Он был в самом буквальном смысле поражен тем, с какой готовностью и пылкостью я ему ответил, тем, что моими устами с ним в тот миг, несомненно, говорила сама судьба. Несколько мгновений он мог только пристально смотреть на булыжники у него под ногами, крепко держа маленькую Зейнаб, словно обращаясь к ней в поисках силы. Потом он поднял голову. Он был хороший человек, мой папа.
– Даю вам слово, мадам Маллори! Гассан, ты пойдешь работать на кухню «Плакучей ивы».
Радость, которую я испытал тогда, была сродни взрыву сливочного крема, который ощущаешь, откусывая от пирожного religieuse[22]
. Однако на губах Маллори не было надменной улыбки победительницы; выражение ее лица было смиренно, оно говорило об облегчении, безыскусной благодарности и о том, что мадам Маллори понимает, какую жертву пришлось тем самым принести отцу. И, я думаю, папа это оценил, потому что он встал перед ней, пошире расставив ноги для равновесия, и протянул ей руки.Я хорошо, так хорошо помню, как она взялась за папины руки и папа помог ей встать. И как моя хозяйка медленно, со скрипом, поднялась со своего стула.
И вот на следующий день тетя и Мехтаб помогли мне собрать вещи, и я перебрался через улицу. Множество чувств теснилось в моей душе, пока я совершал это путешествие длиною в сто футов. С дешевым чемоданчиком в руке перешел я с одной стороны люмьерского бульвара на другую. Я видел перед собой иву, словно припорошенную сахарной пудрой, окна в свинцовых переплетах, кружевные занавески – всю эту элегантную гостиницу, где даже покривившиеся деревянные ступени дышали памятью о прошлом Франции. И там, на каменных ступенях «Плакучей ивы», в белых фартуках, стояли молча мадам Маллори и добрый мсье Леблан, пожилая пара, с распростертыми объятиями ожидавшая своего вновь обретенного приемного сына.
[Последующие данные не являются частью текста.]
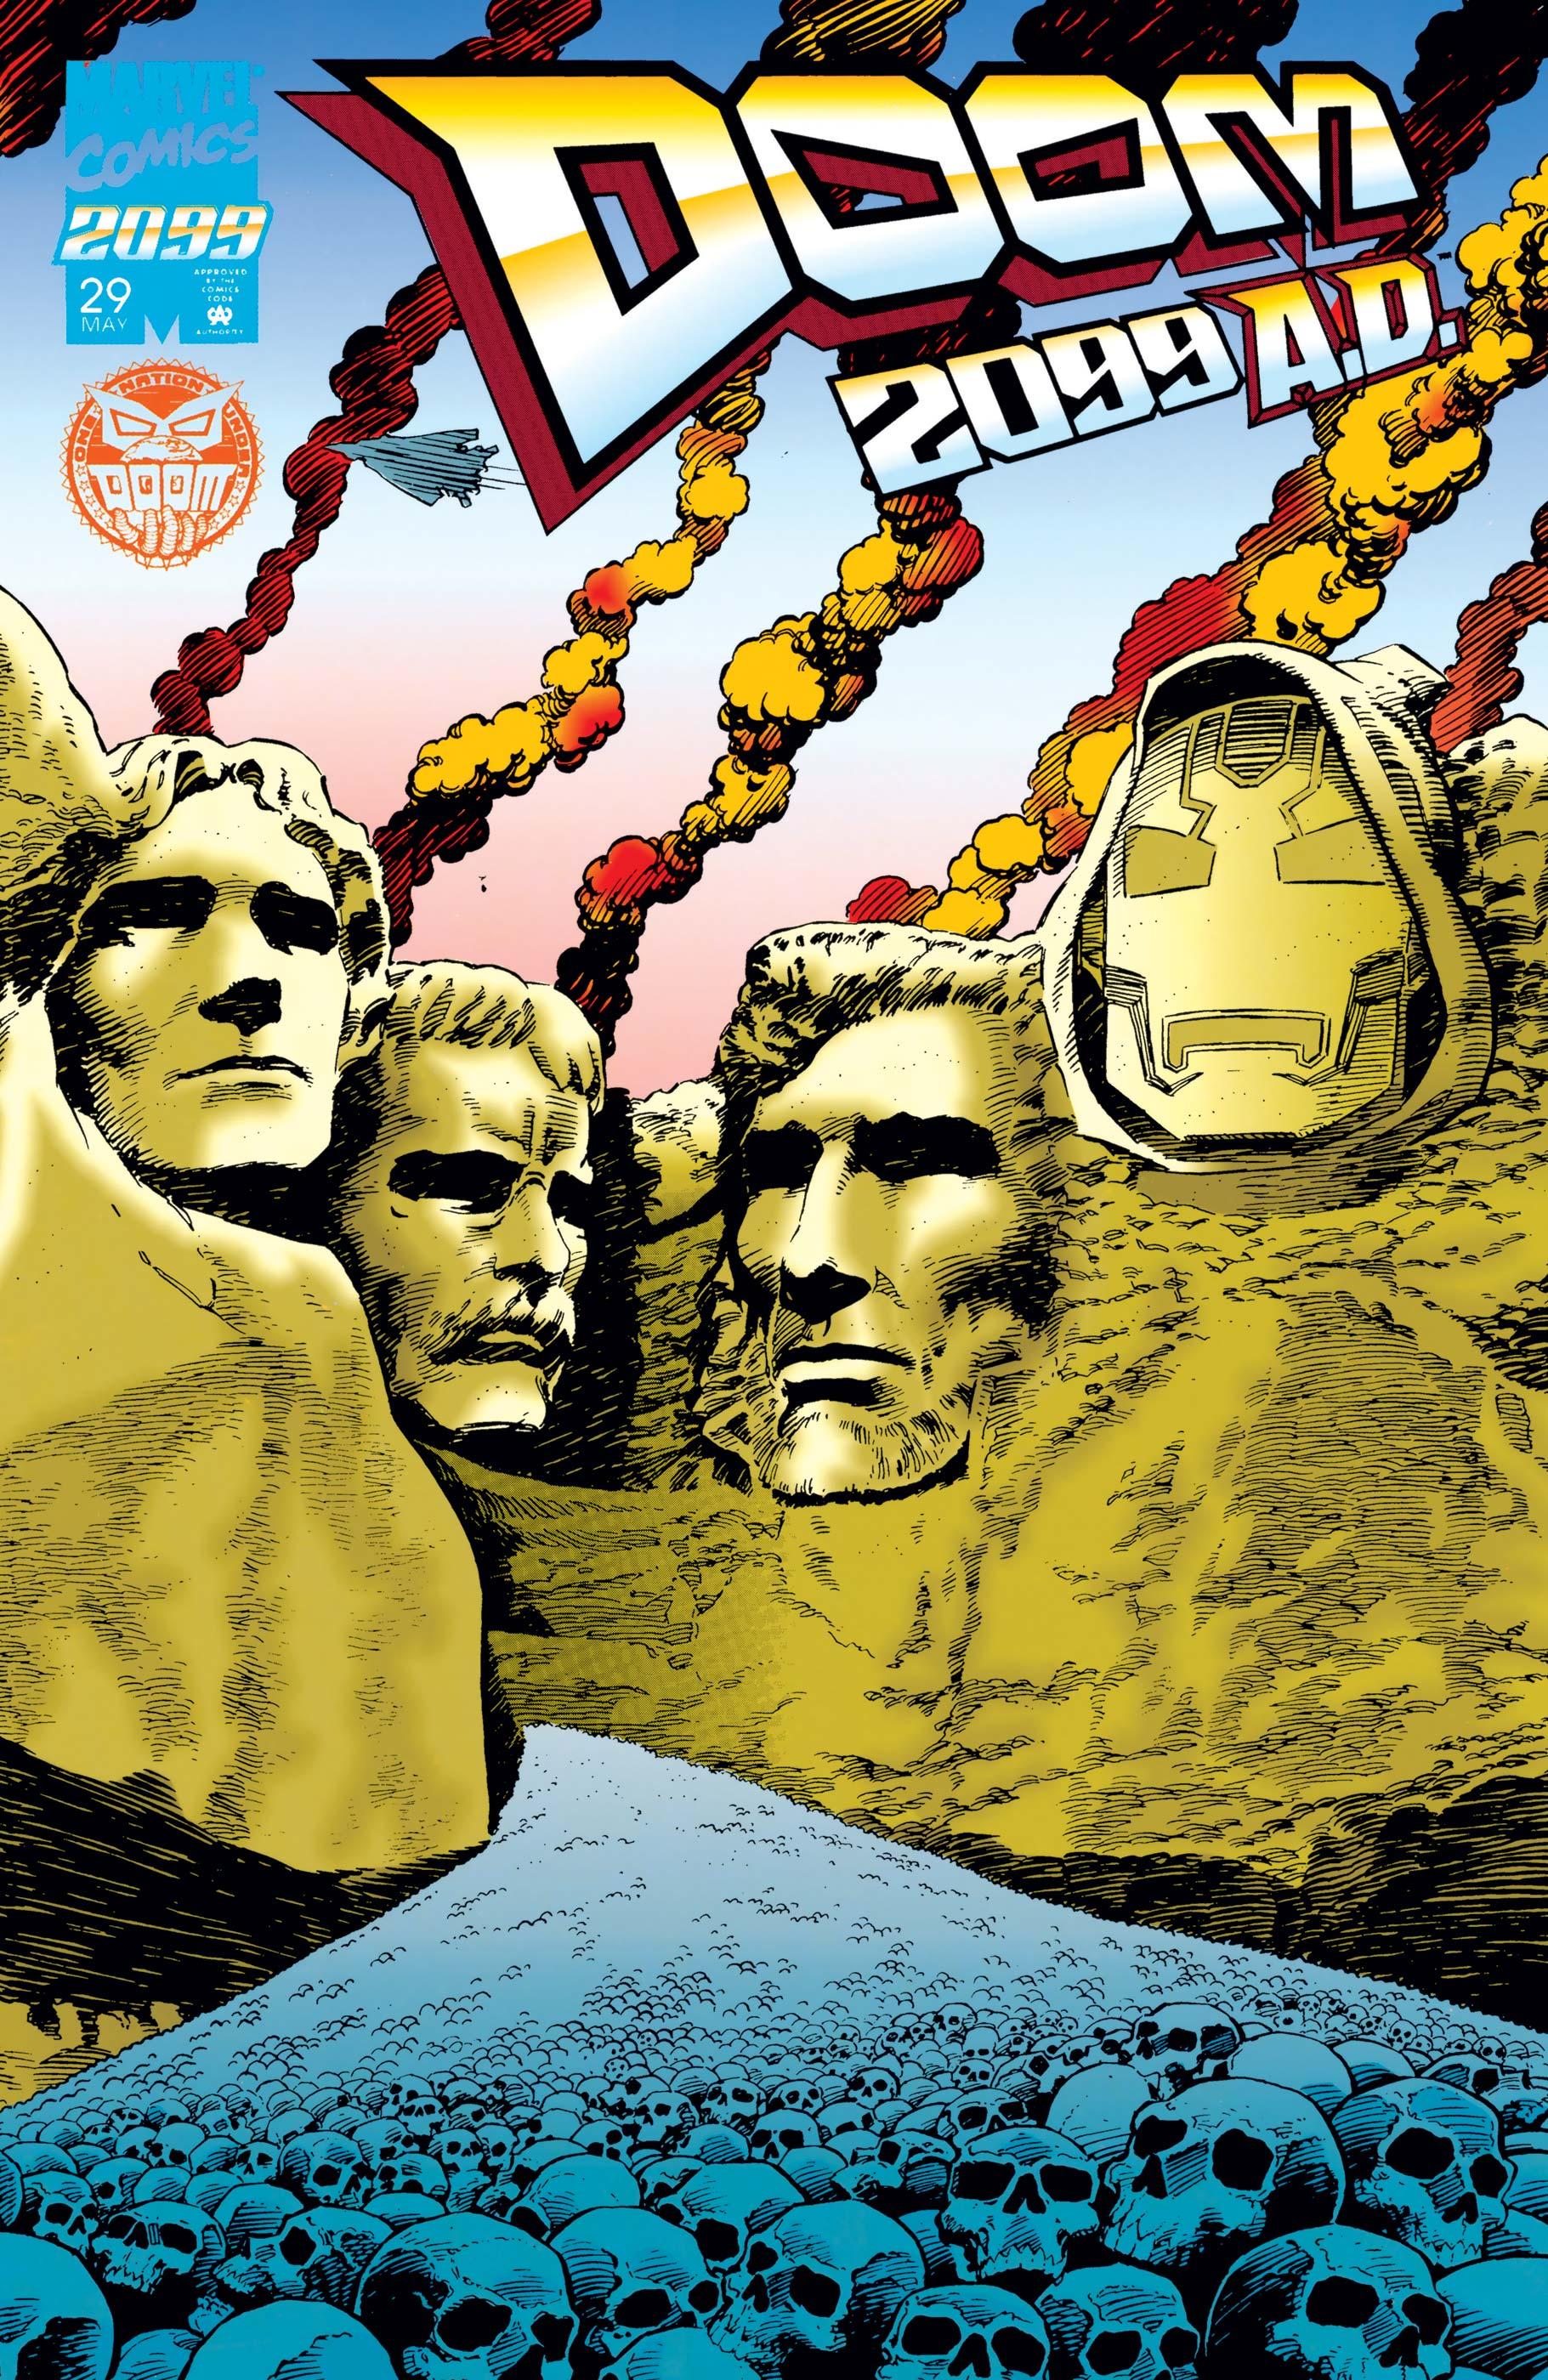 Doom 2099 (1993) #29
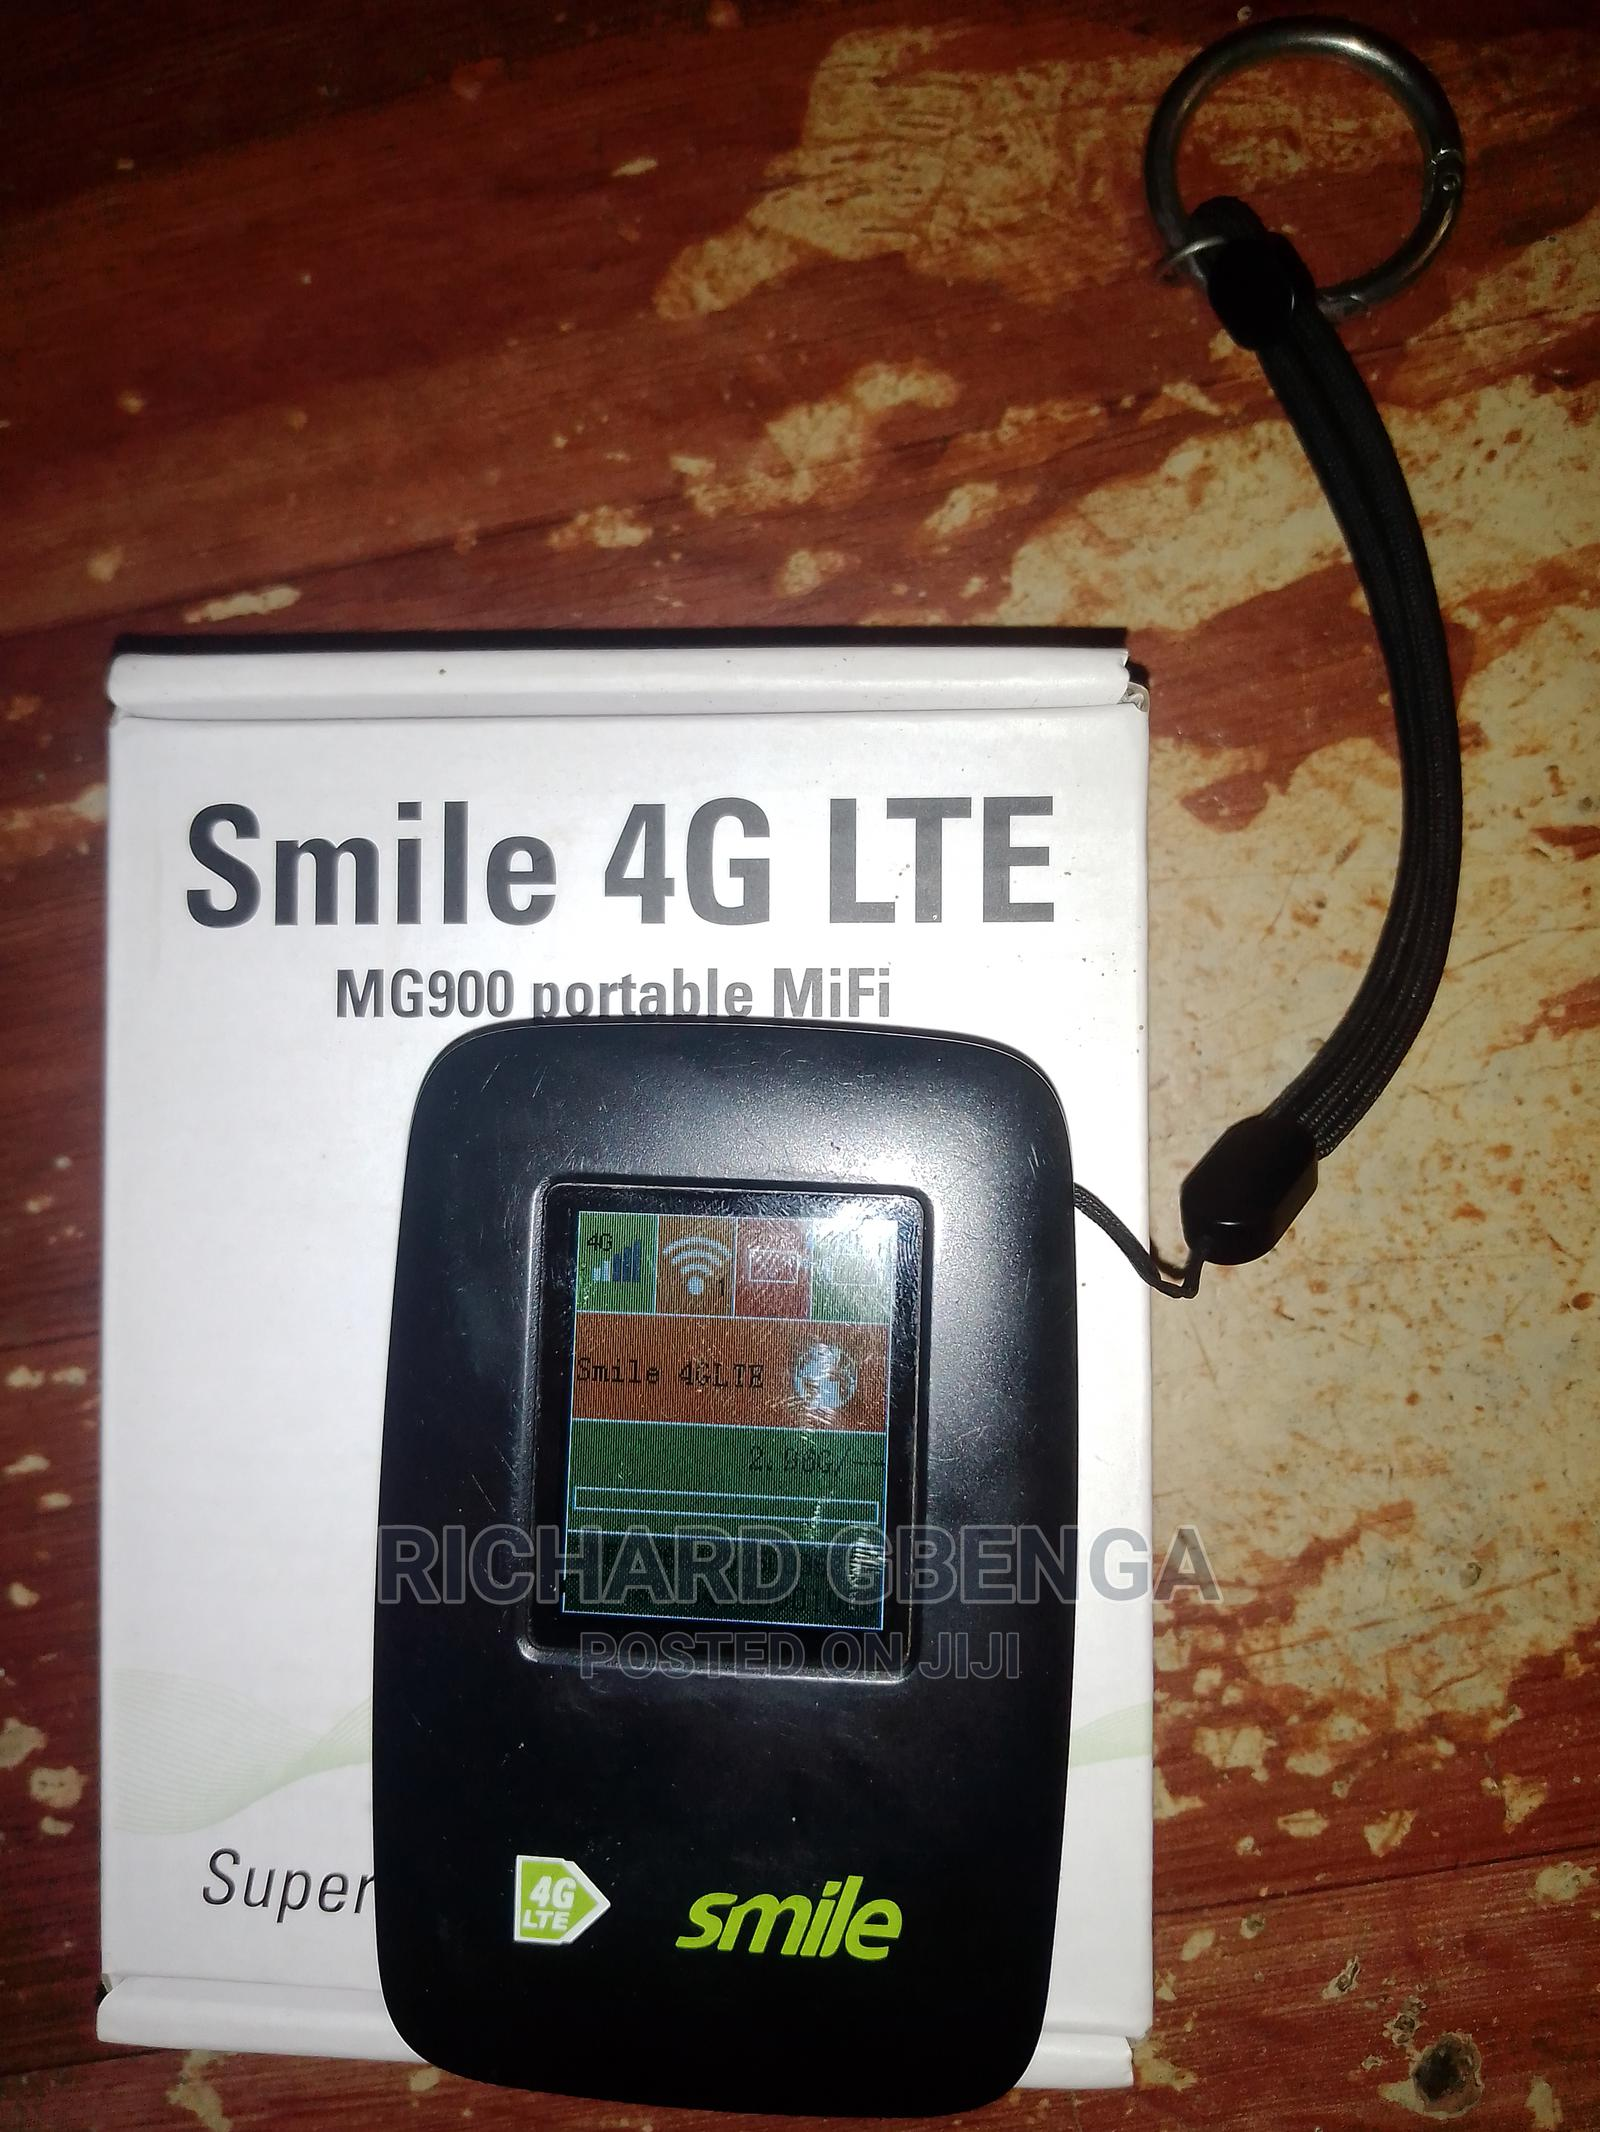 Archive: Smile 4g LTE Mg900 Portable Mifi

Я шел к ним, к моему новому дому. Мне предстояло долго учиться и много работать. За спиной у меня оставался мой мир: маленькая Зейнаб и бабушка со слезящимися глазами, морской лещ тикка и пиво «Кингфишер», завывания Харихарана, горячие котлы, плюющиеся маслом, горох, имбирь и чили.
Когда я проходил мимо папы, провожавшего меня, как водится, у железных ворот, я увидел, что он, не скрываясь, плачет и вытирает свое искаженное горем лицо белым носовым платком. И я помню, как будто это было вчера, что он сказал мне, когда я уходил:
– Помни, милый мальчик, ты Хаджи. Всегда помни. Хаджи.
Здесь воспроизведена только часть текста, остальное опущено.